It could be a scene from 100 years ago, but it took place last month.
Every year, for two weeks in May, the northern Cree community of Stanley Mission plays host to a two-week cultural camp, an event aimed at passing on to a younger generation the skills and values learned through centuries of bush living.
Although Miriam Cook has lived her entire 50 years in Stanley Mission, the need for an event like this didn't hit her until 10 years ago when she was hired by the local clinic to work with the elderly. "I noticed they were very lonely people," remembered Cook, "and the youth and the Elders were not connected."
As well, she said, a lot of the young people seemed to be losing not only language and skills, but also the values that have kept Woodland Cree culture strong for generations.
"Nowadays... if you hear about someone killing a moose, you go down and see. If it's a younger person, you see no meat, because it's all in the deep freeze," Cook said. "They don't share like they used to. They're losing their values. And over here (at the camp) everything is being shared."

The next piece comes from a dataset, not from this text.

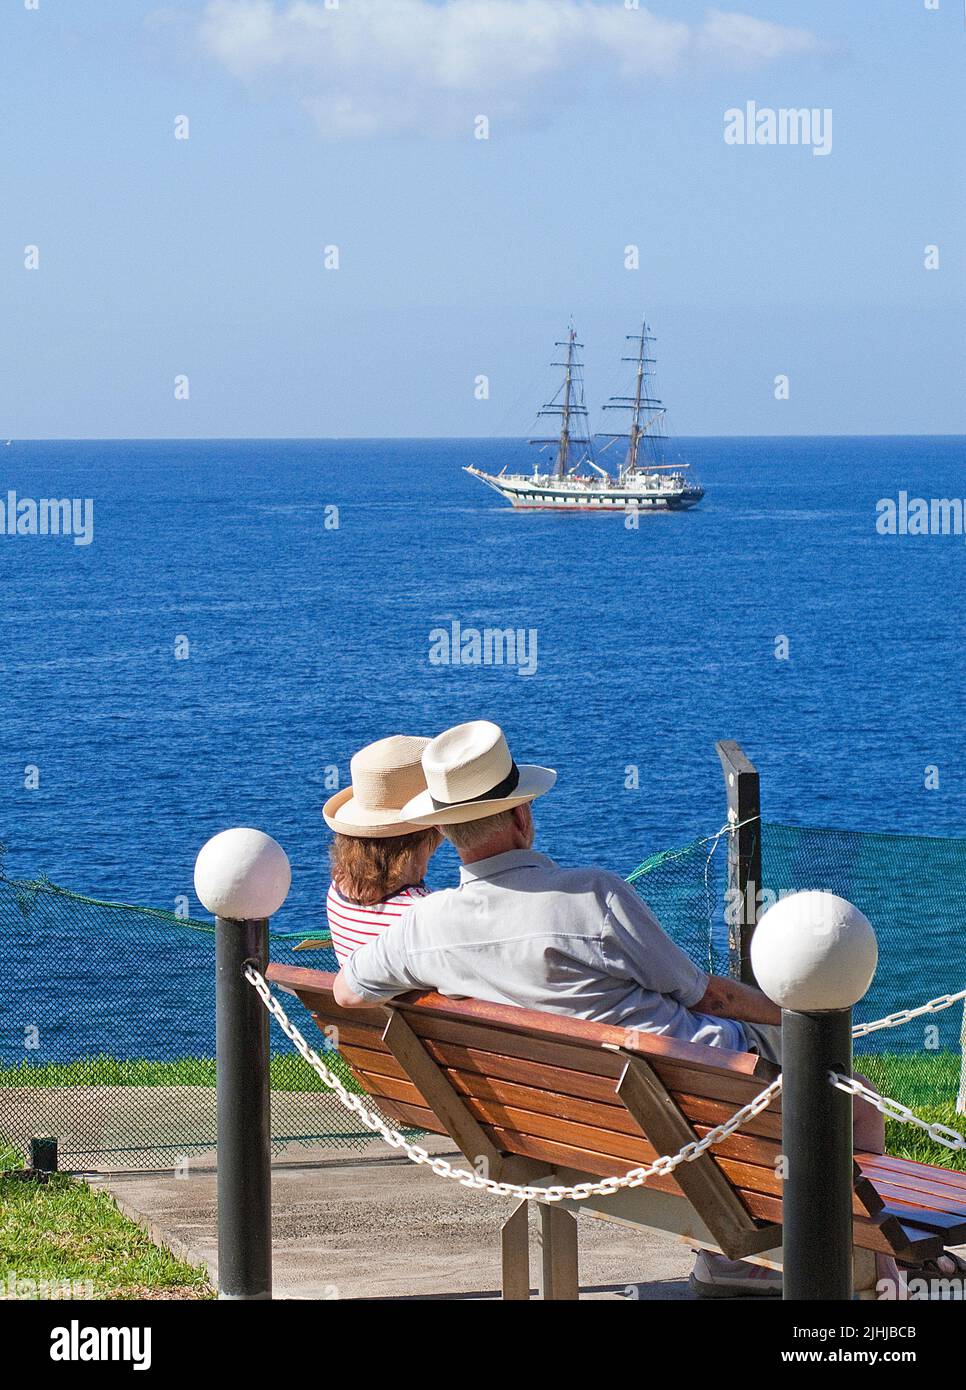 Couple de personnes âgées avec chapeaux de paille assis sur un banc et profitant de la vue sur la mer, Taurito, Grand canari, îles Canaries, Espagne, Europe Banque D'Images
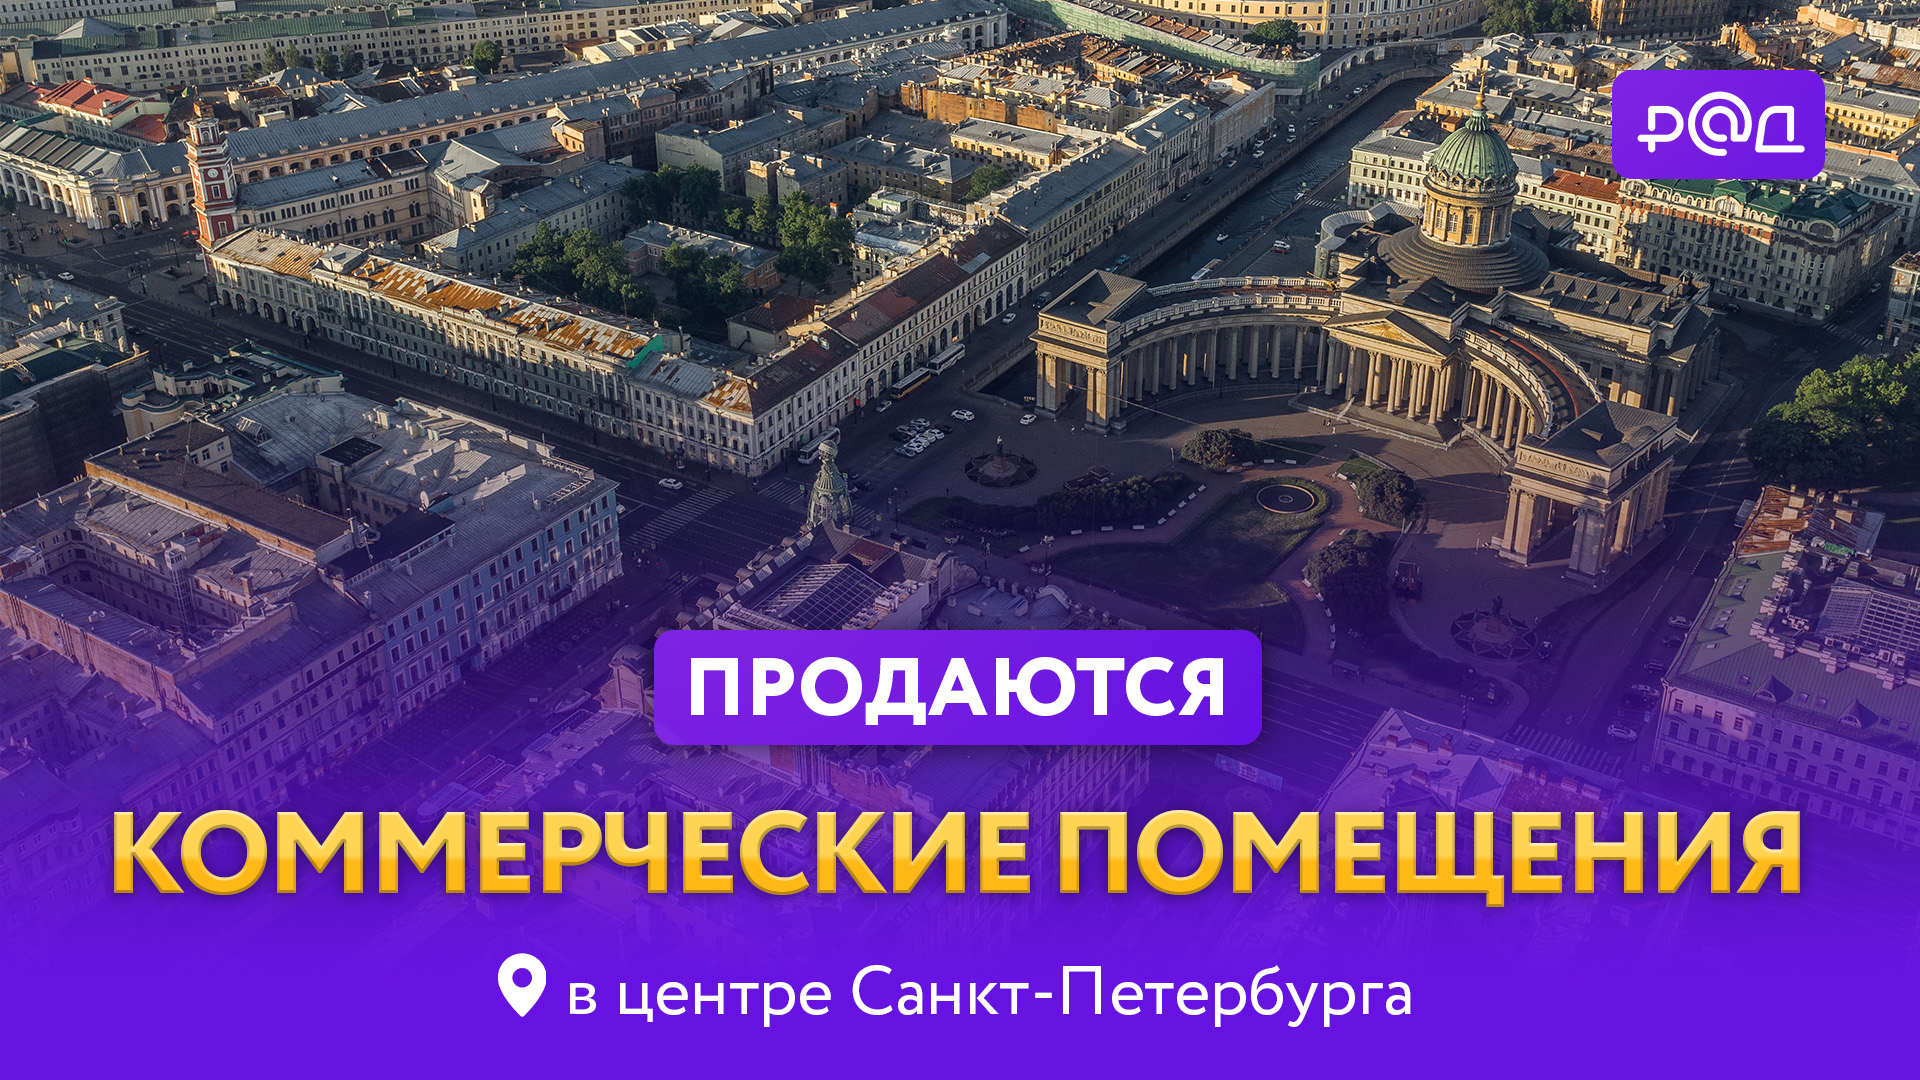 Продаются коммерческие помещения в центре Санкт-Петербурга

Over the course of two weeks, hundreds of school kids from Stanley Mission and neighbouring communities such as La Ronge and Grandmother's Bay are bused in for a taste of the traditional northern lifestyle. Children and teens press in to hear as the Elders explain how to skin a beaver, snare a rabbit with a rope or make a paddle. The kids pluck the ducks that will soon go into the soup pot, scrape the flesh and hair off one of the enormous moose hides that Cook has purchased from a local hunter, and listen to decades-old stories.
"They're really eager to learn, and sometimes the teachers have a hard time taking the kids back to school, because they want to stay and continue learning (from the Elders)," said Cook. As for the Elders, "they become alive. You see the gleam in their eyes. It's taking them back ... You hear a lot of laughter. In their teachings, the laughter and the work are a pair. I notice that's the way the Elders work-they laugh, and then they tell you a little story, and then they laugh, and then ... start teaching you again."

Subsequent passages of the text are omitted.